→ **Data shown**
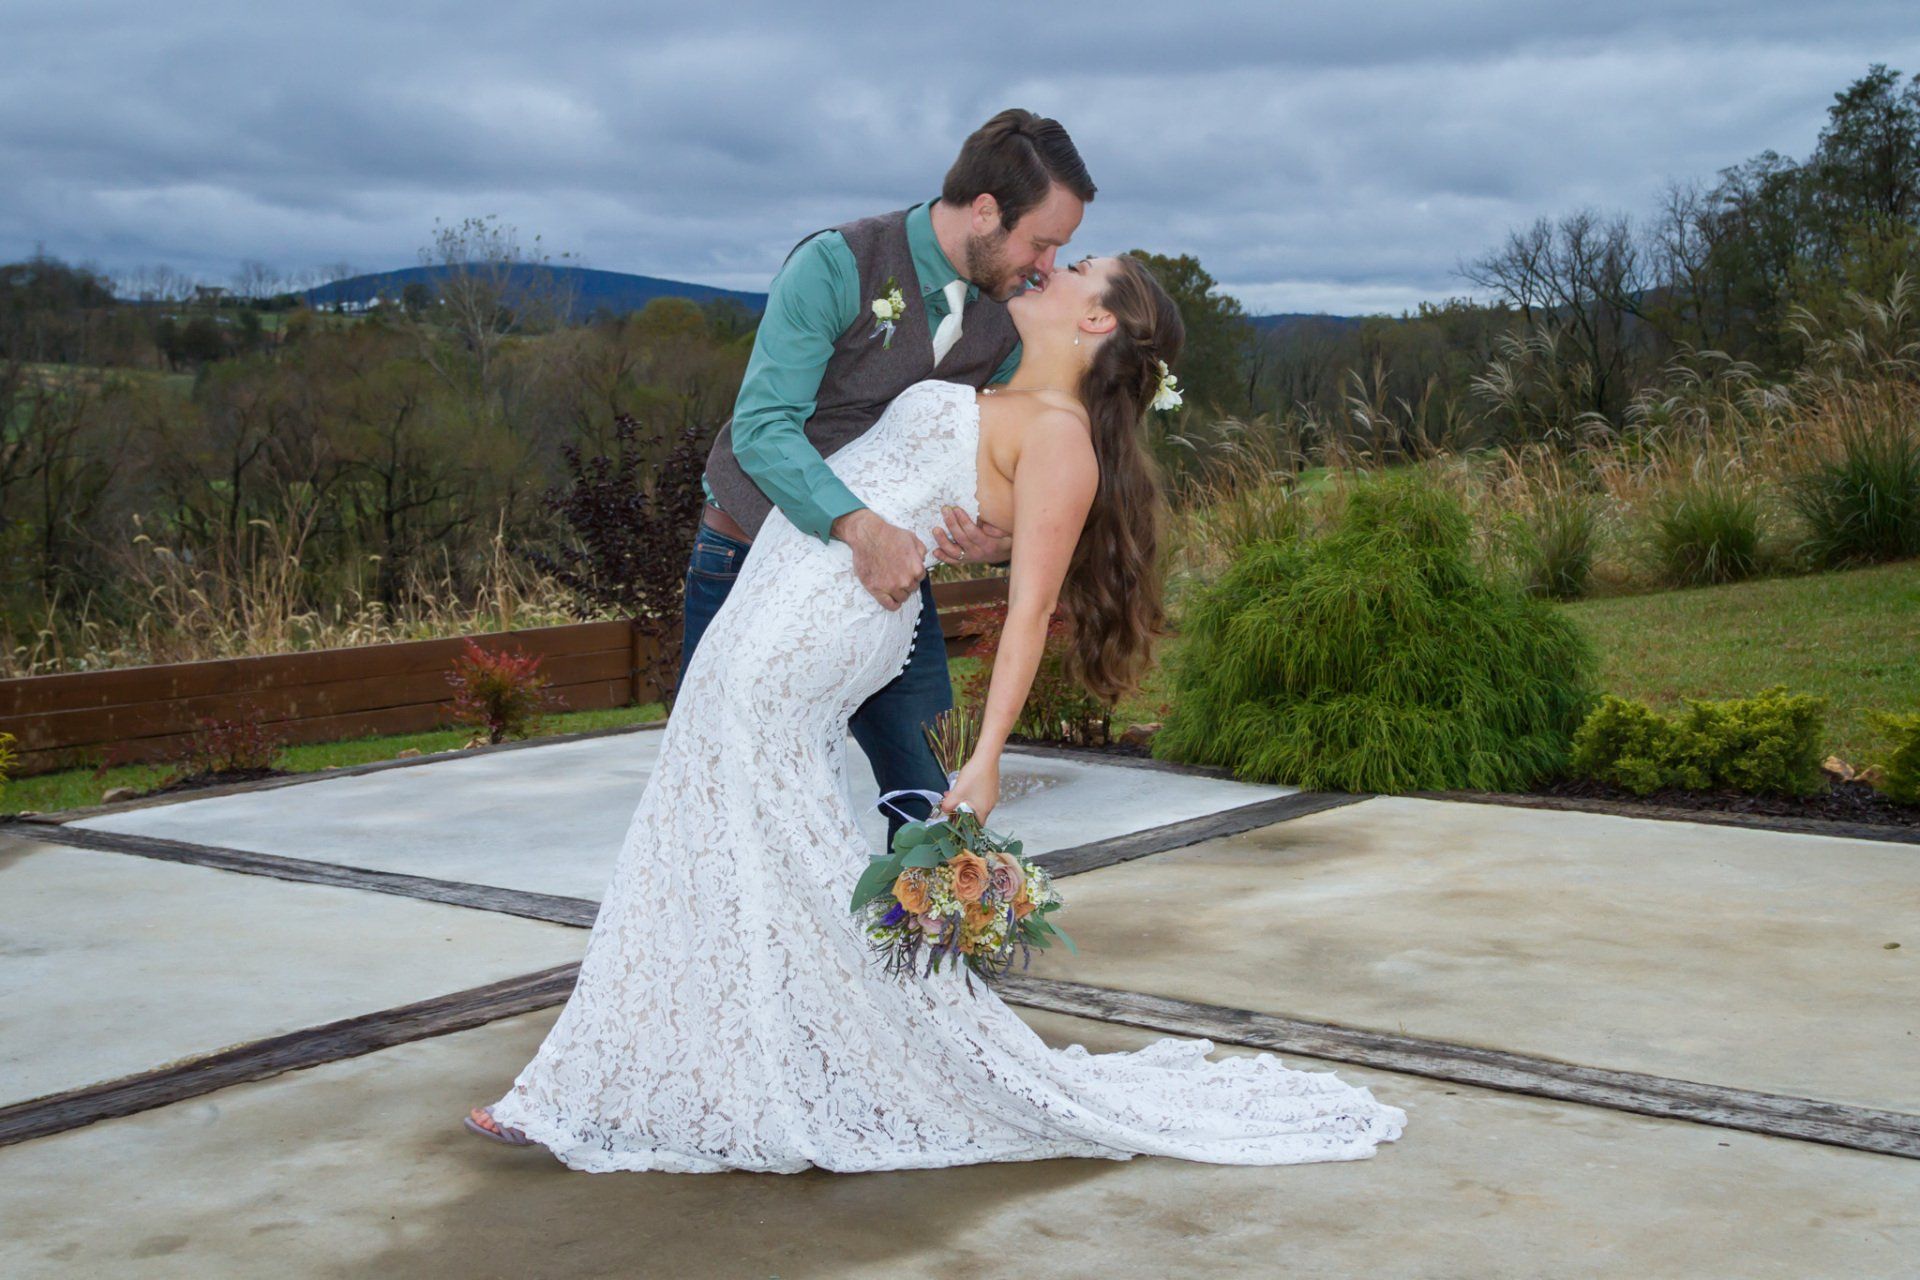 A bride and groom embracing and dipping and kissing at an outdoor venue
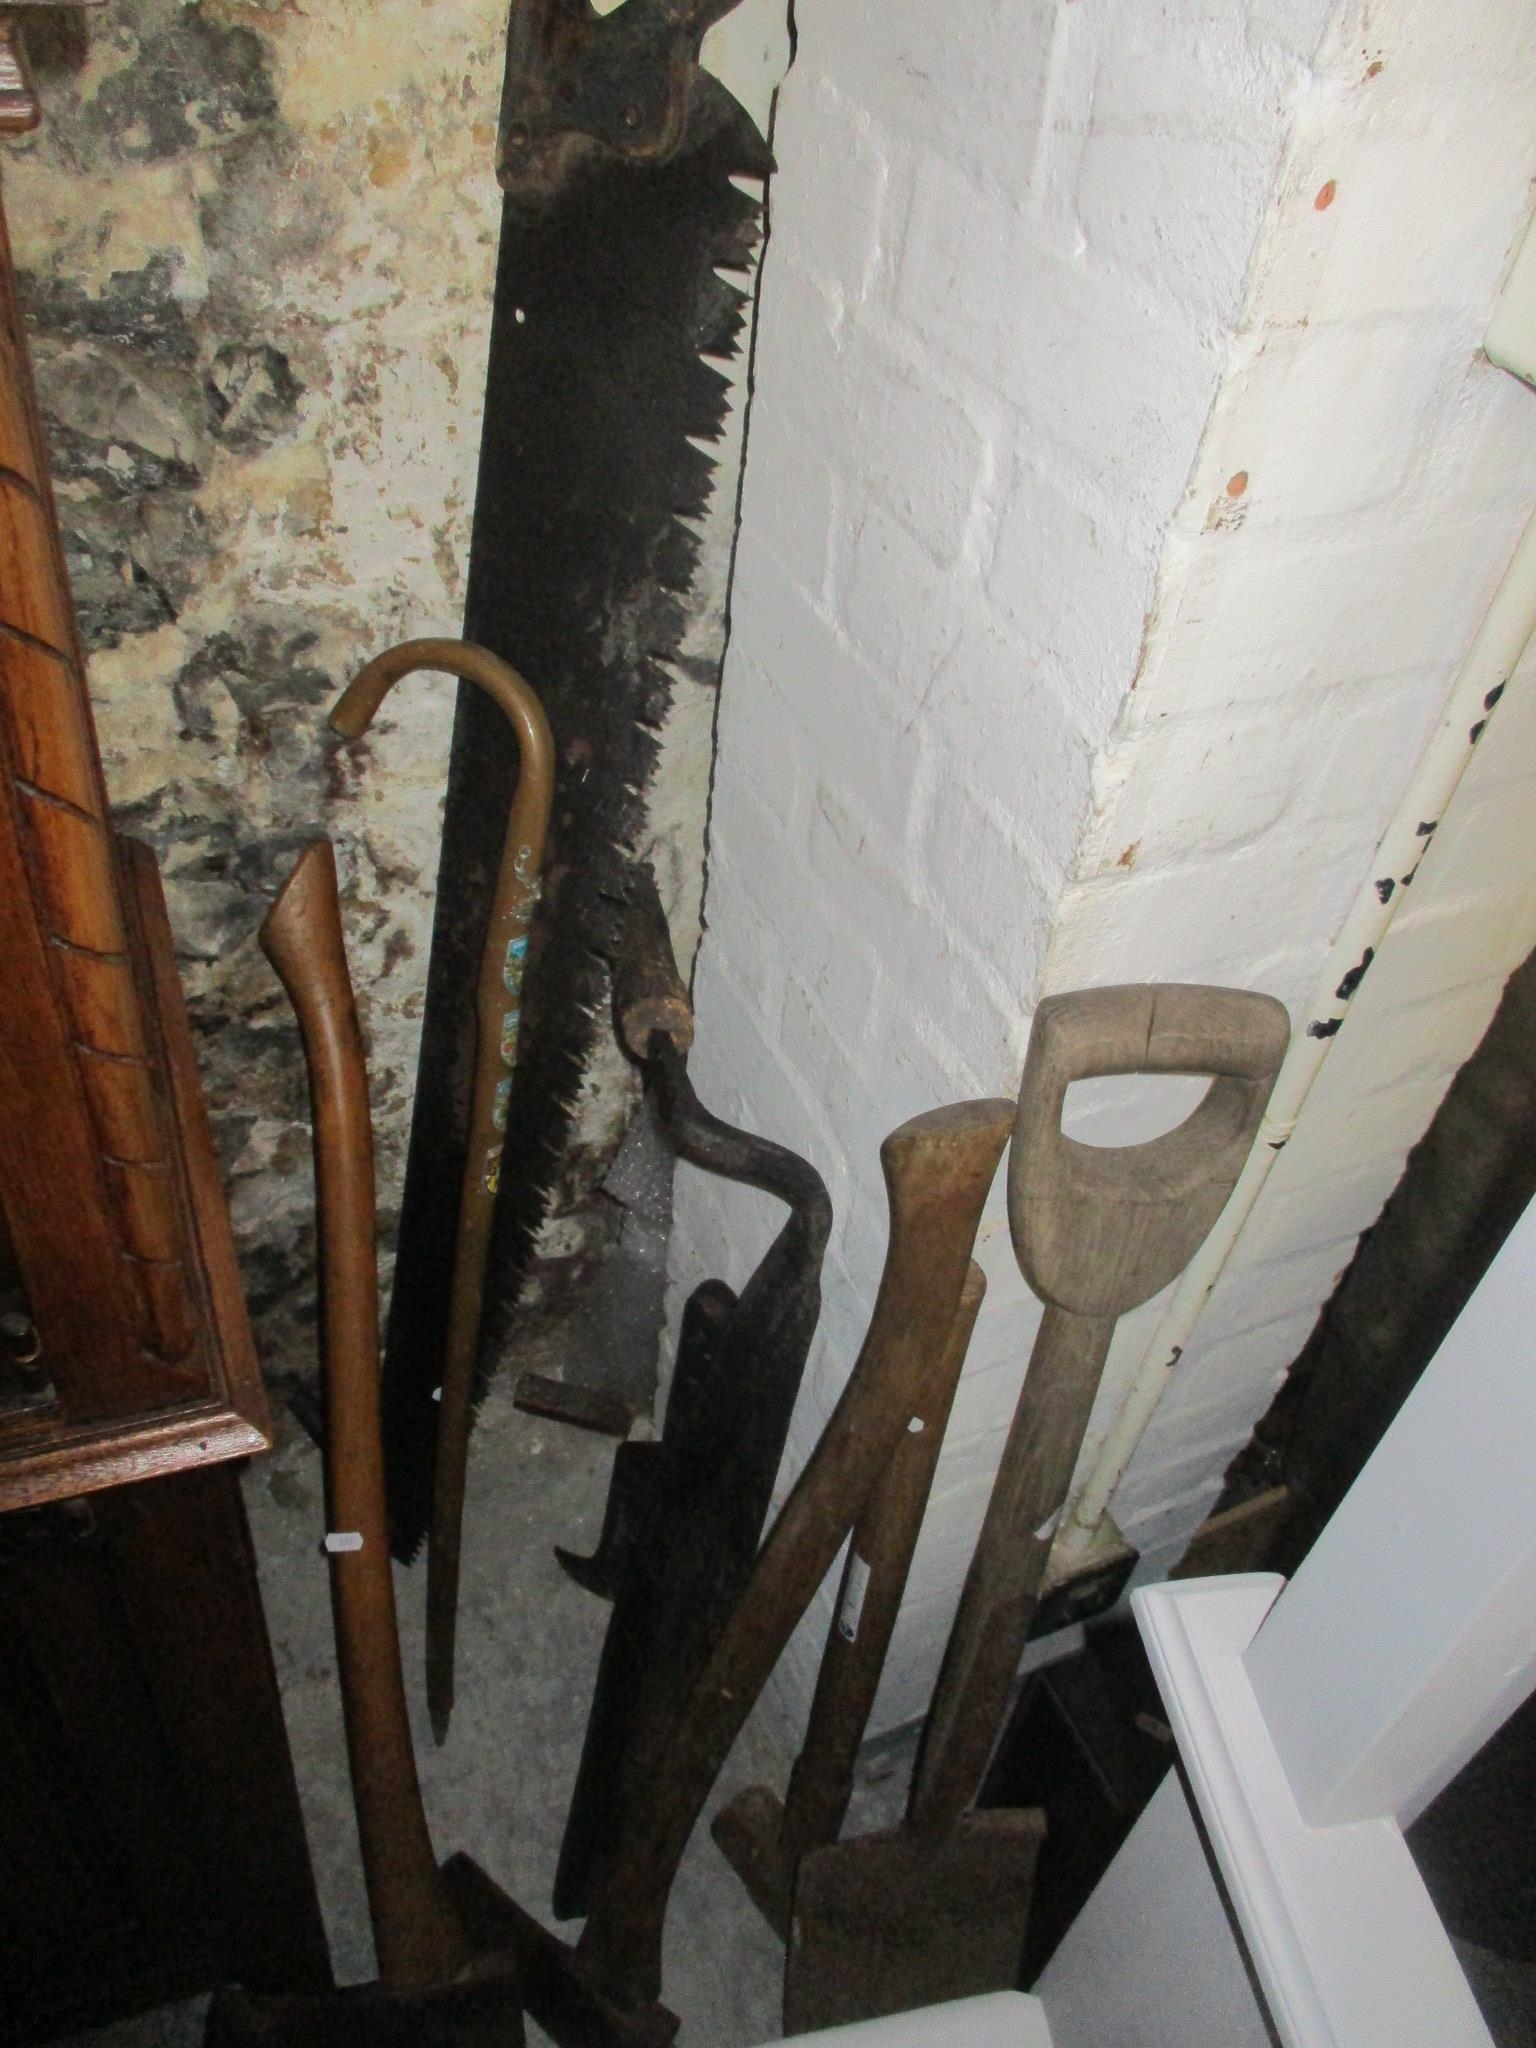 A mixed lot to include a saw, axe, walking stick and other items
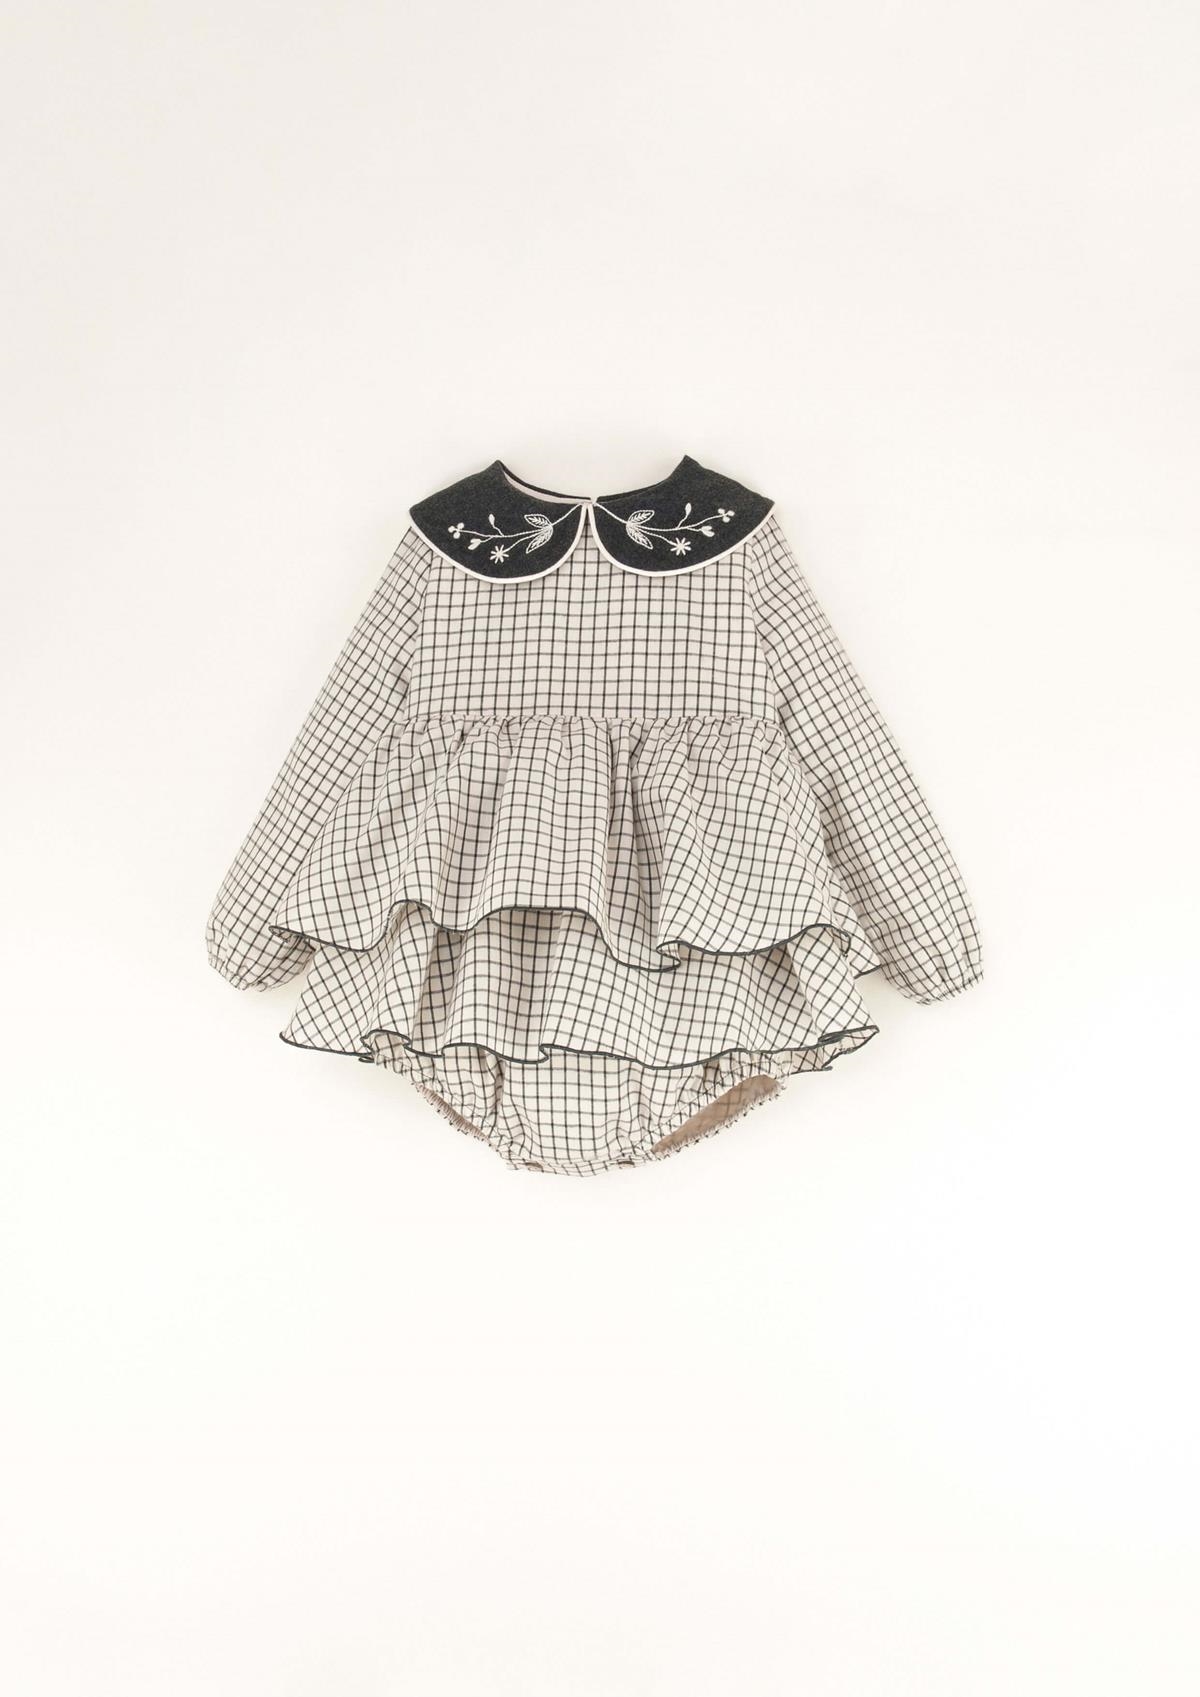 Mod.2.3 Off-white check romper suit with frill | AW23.24 Mod.2.3 Off-white check romper suit with frill
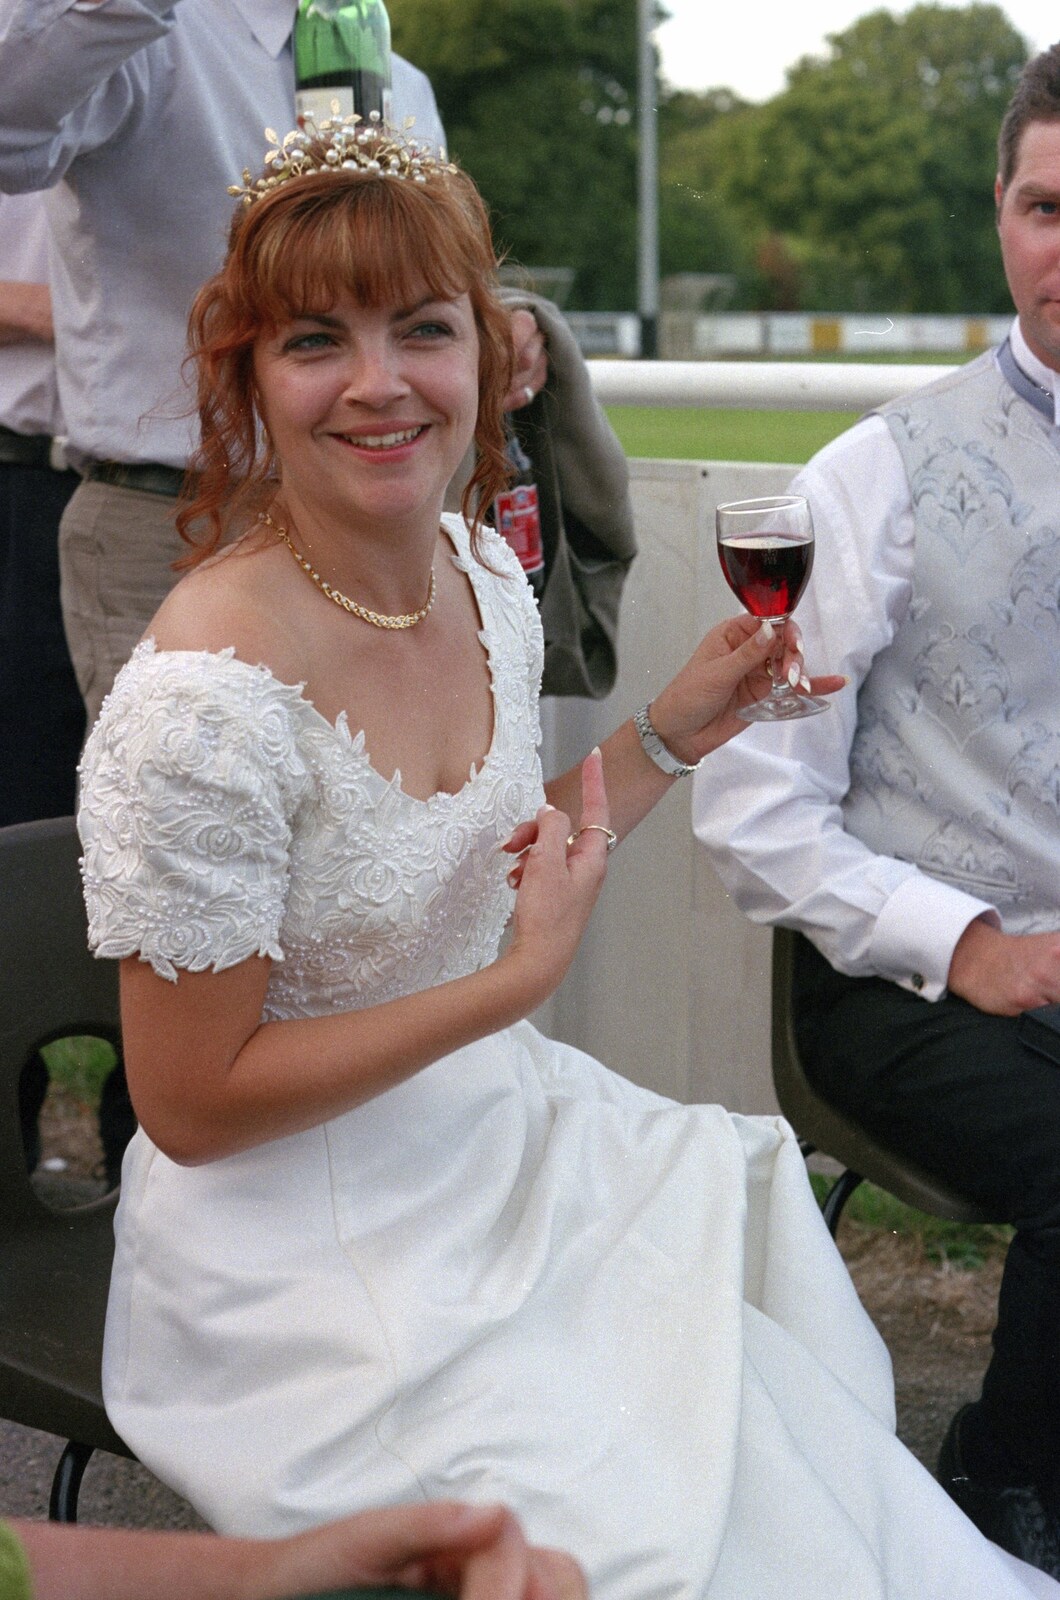 Michelle with a glass of wine from Sean and Michelle's Wedding, Bashley FC, New Milton - 12th August 2000

→ **Task item**
Omit the pictures, then copy out all the data exactly as it stands.

→ **Answer area**
 A bride and groom embracing and dipping and kissing at an outdoor venue
 A mixed lot to include a saw, axe, walking stick and other items
 Mod.2.3 Off-white check romper suit with frill | AW23.24 Mod.2.3 Off-white check romper suit with frill
 Michelle with a glass of wine from Sean and Michelle's Wedding, Bashley FC, New Milton - 12th August 2000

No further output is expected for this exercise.